Japan’s number two automaker is showing signs of slowing in North America. For the first time in nearly eight years, Nissan saw it sales decline in the region in 2017. Both the Rogue and the Altima dropped by 9.2 percent (thankfully, the latter has an all-new version on the way), and sales in the U.S. saw an increase of just one percent, totaling 1,440,049.
Now the automaker is looking to make some serious production cuts in an effort to combat the dramatic sales drop. Nissan will reportedly slash up to 20 percent of its production in North America – including the U.S. and Mexico – before the end of the year, according to Japan’s Nikkei business daily.
Two assembly plants in the U.S., and three in Mexico have already fallen victim to cuts. Though no employees have been let go, says the report, schedules have been reworked to include a minimum of two added days off per week. Production lines remain active, but could see output drop anywhere from 10 to 20 percent by the summer, before final cuts in autumn.

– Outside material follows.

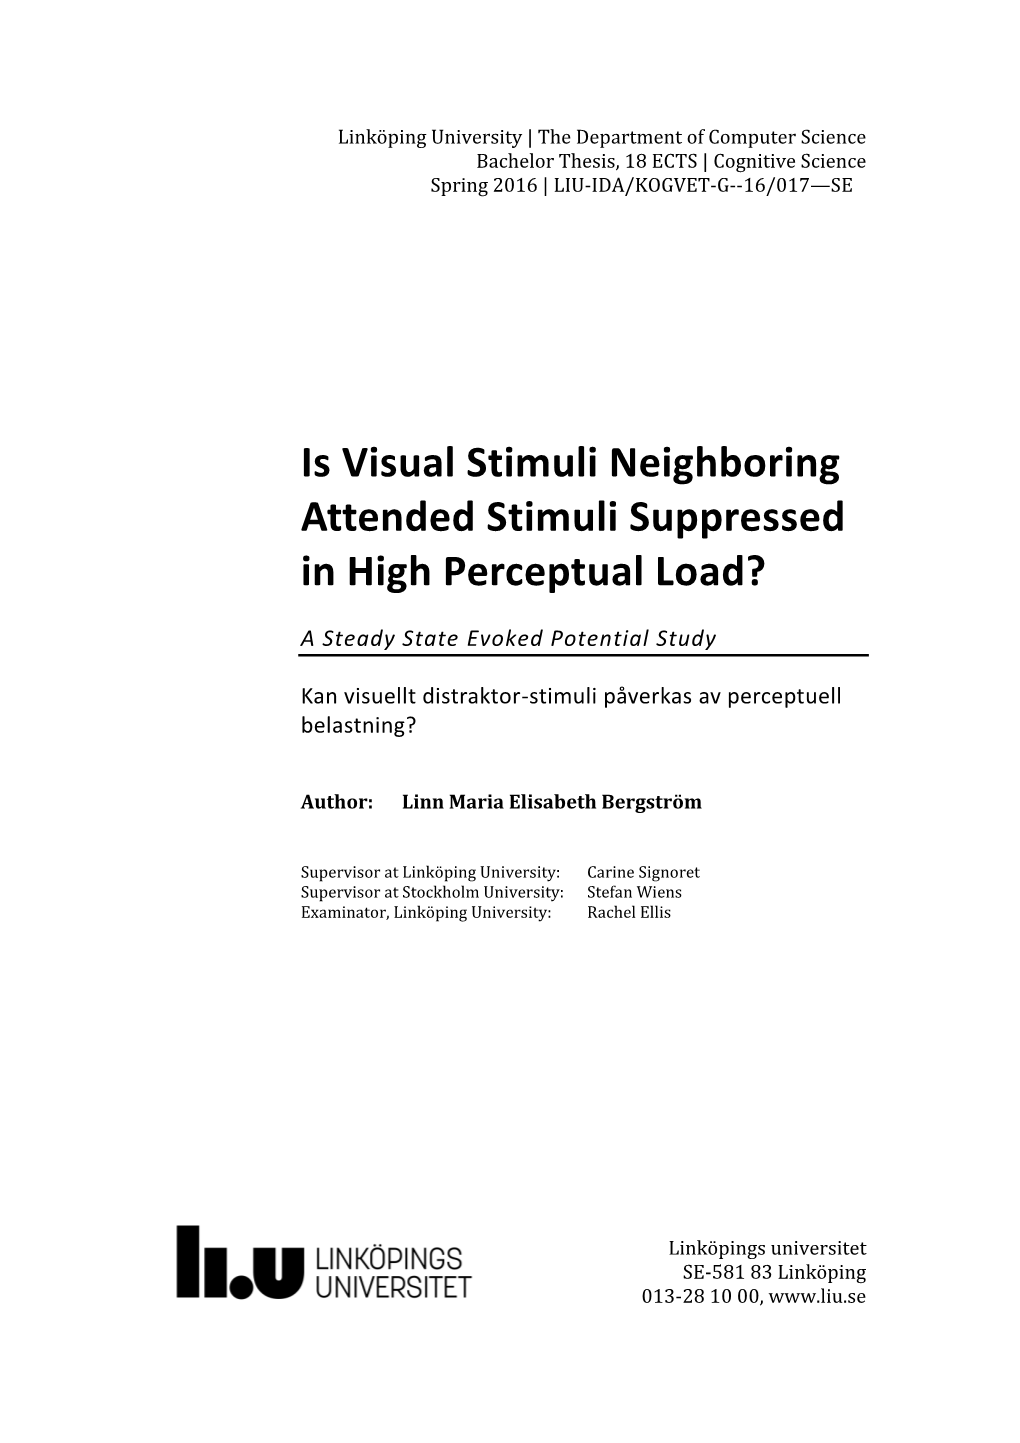 Are Visual Stimuli Neighboring Attended Stimuli Suppressed In

Nissan will instead focus its efforts on improving profitability in North America instead of market share. The Japanese automaker will now place more of an emphasis on expansion to markets like China, the world’s largest. Its Infiniti luxury brand already calls Hong Kong home.
All told, the U.S. accounted for 28 percent of Nissan’s total sales. And though the U.S. exceeded expectations for 2017 by a slim margin, these new cuts could drop the region’s total market share to around three percent for 2018. Already sales in 2018 have slipped to 6.5-percent below average for the automaker stateside through the first give months of the year.